17. A non-volatile computer-readable medium comprising instructions, wherein, The instructions can be executed by one or more processors during the landing approach phase of the aircraft, such that the one or more processors: Determine the target path for the landing approach phase based on flight plan data; During the initial approach phase for the landing approach phase, based on the target path and aircraft data, the state of each monitoring condition in the first set of monitoring conditions and the area of ​​the monitoring condition including the state are determined, wherein the area for each monitoring condition includes the target area; During the final approach phase for the landing approach phase, based on the target path and the aircraft data, the status of each monitoring condition in the second set of monitoring conditions and the area of ​​the monitoring condition including the status are determined, wherein the second set of monitoring conditions includes one or more monitoring conditions in the first set of monitoring conditions and one or more additional monitoring conditions, and wherein each of the one or more additional monitoring conditions includes the target area. Notification content for accessing an area under specific monitoring conditions, wherein the status for said specific monitoring conditions is outside the target area for said specific monitoring conditions; and Based on the notification content, one or more notification signals are sent to one or more output systems.

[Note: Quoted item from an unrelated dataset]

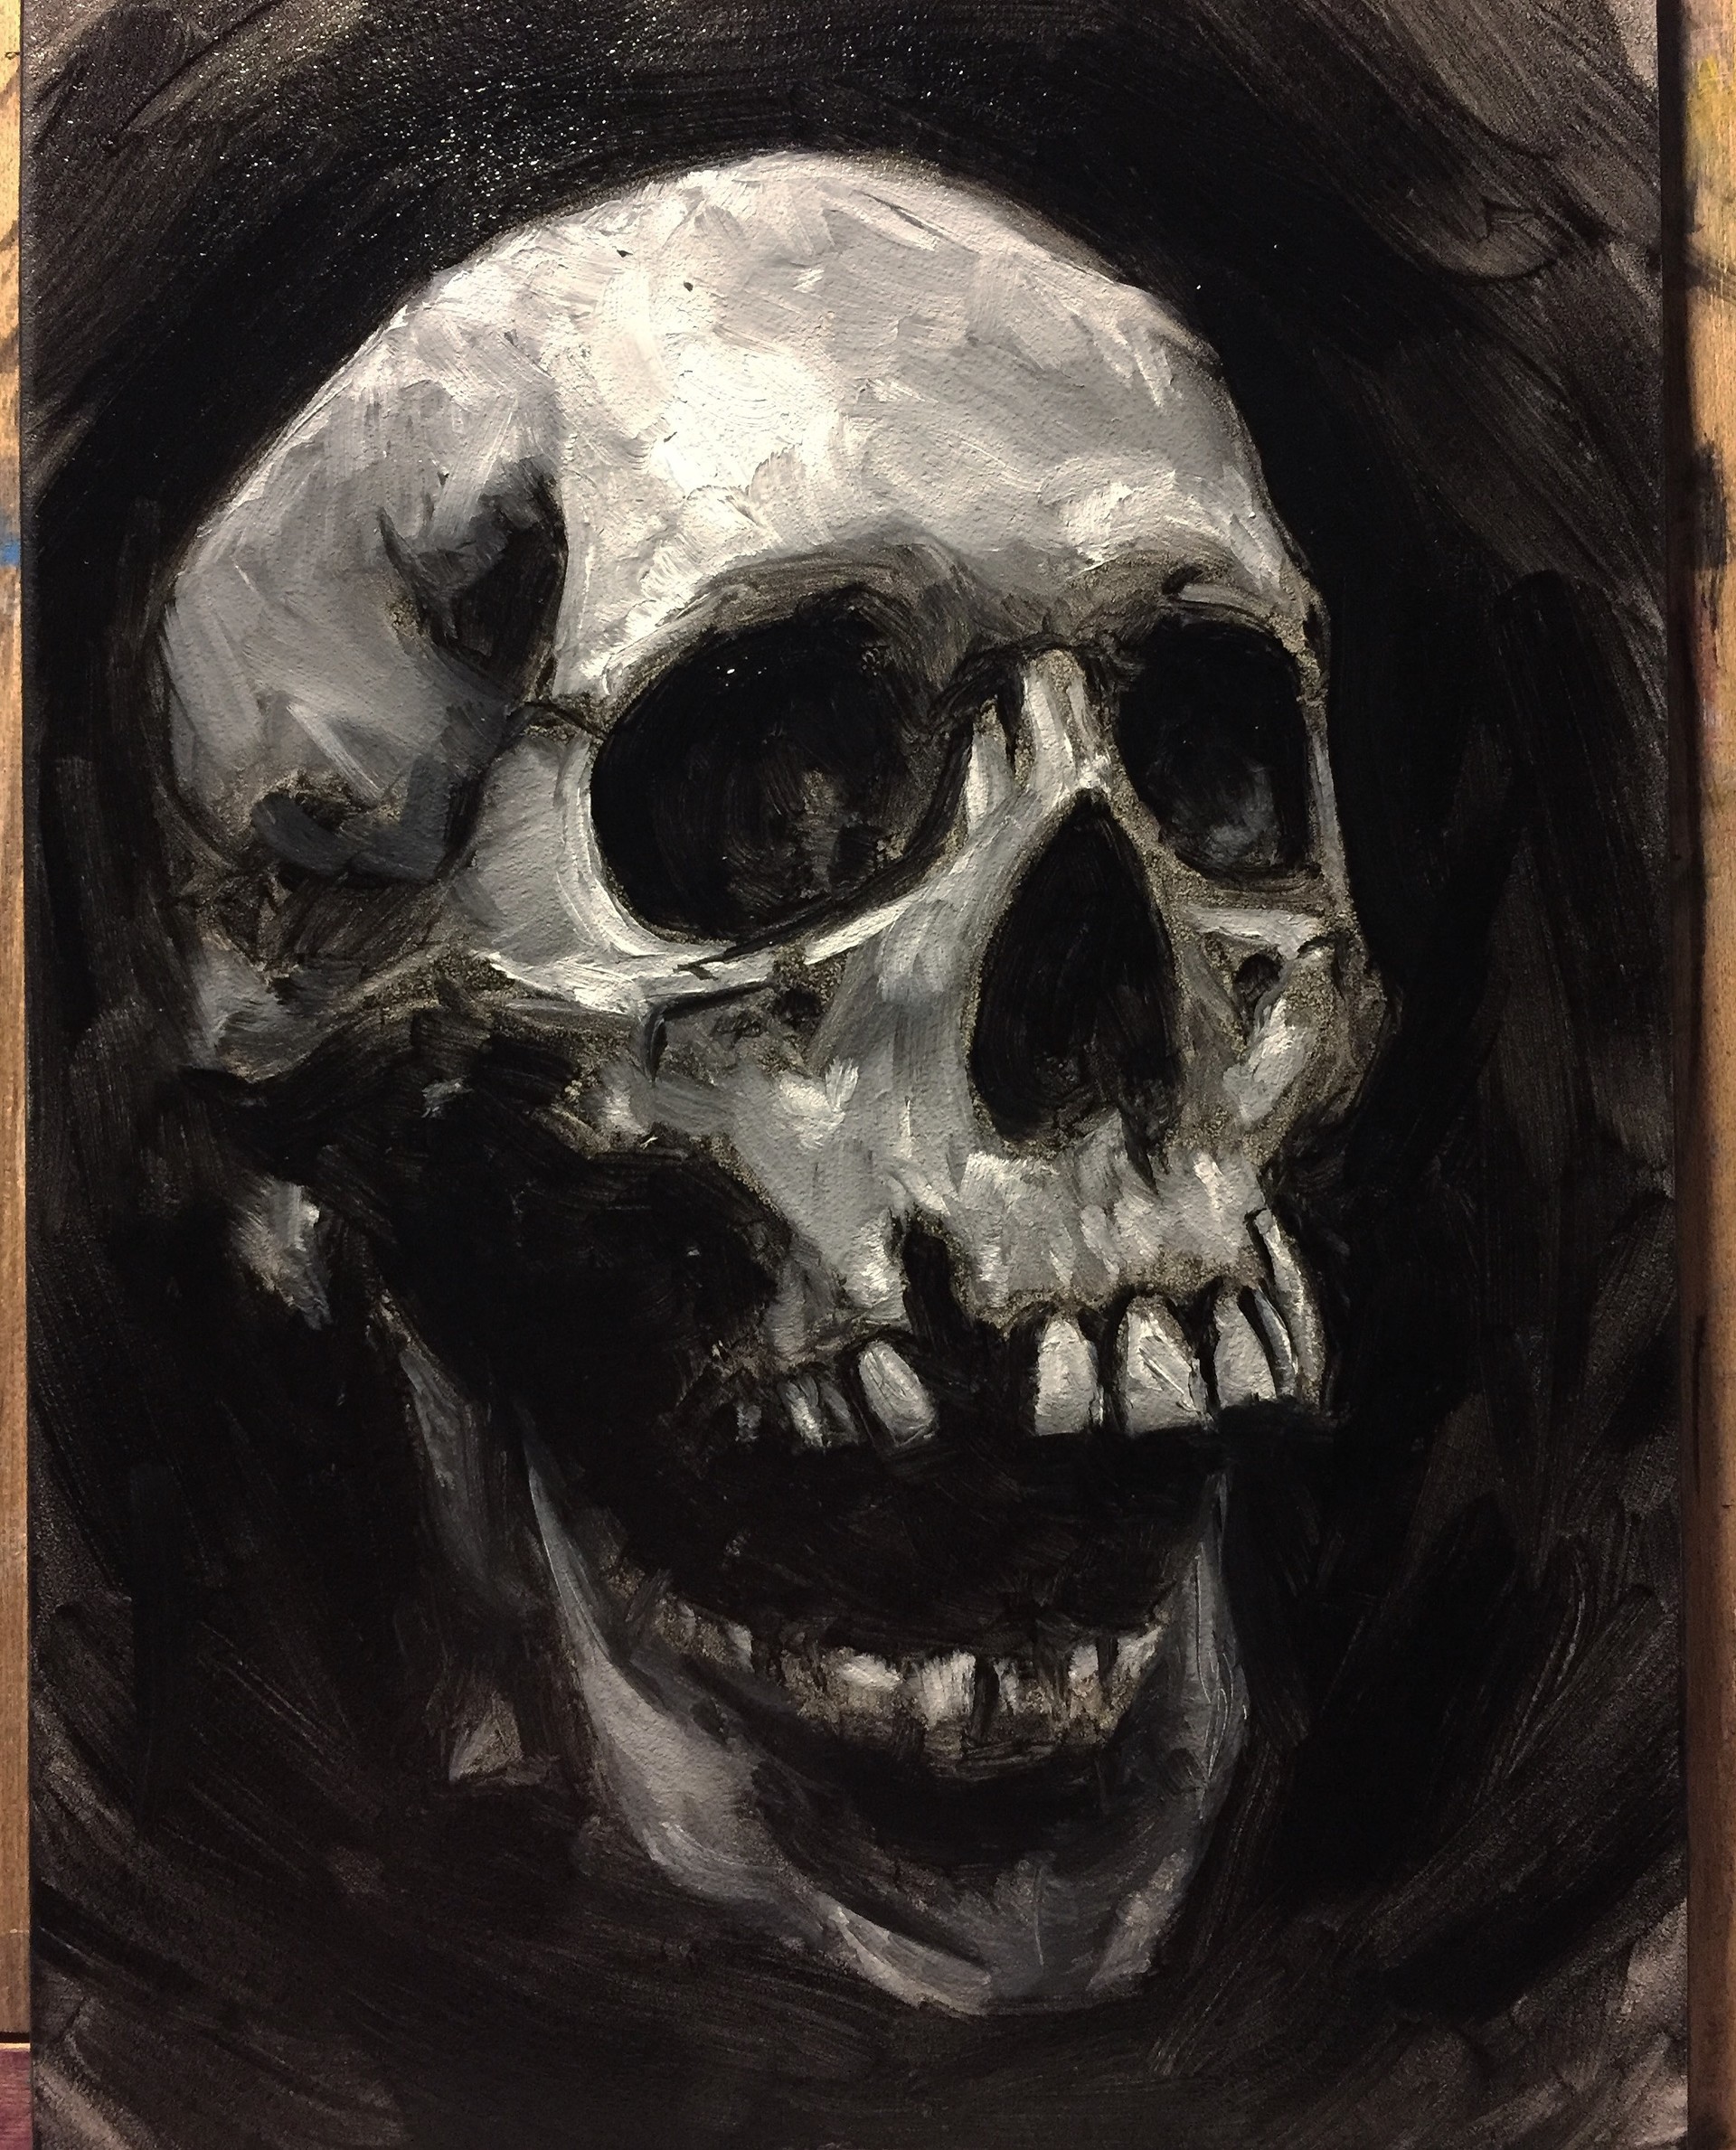 Some (mostly) recent paintings, including a skull study, a still

18. The non-volatile computer-readable medium according to claim 17, wherein, The instructions can also be executed by the one or more processors to: Determine that the status of one of the multiple monitoring conditions is outside the corresponding target area; as well as Prioritization rules are applied to the plurality of monitoring conditions to determine the priority order of the plurality of monitoring conditions, wherein the particular monitoring condition has the highest priority.

19. The non-volatile computer-readable medium according to claim 17, wherein, The specific monitoring conditions include: the target region, the first terminal region, and one or more intermediate regions between the target region and the first terminal region, and wherein the instructions can also be executed by the one or more processors to: Determine the update status of the specific monitoring conditions based on current aircraft data; and In response to a first determination that the region including the specific monitoring condition of the updated status has changed to an intermediate region closer to the target region among the one or more intermediate regions and that the specific monitoring condition has the highest priority among monitoring conditions outside the corresponding target region, the update status continues to be determined based on the current aircraft data without accessing the notification content of the specific monitoring condition.

20. The non-volatile computer-readable medium according to claim 17, wherein, The instructions can also be executed by the one or more processors to: Determine the updated status of monitoring conditions based on current aircraft data; as well as In response to the determination that the region of the specific monitoring condition, including the updated state, has changed to the target region and that the state of no monitoring condition is outside the corresponding target region, the provision of one or more notification signals to the one or more output systems to indicate stable entry is terminated.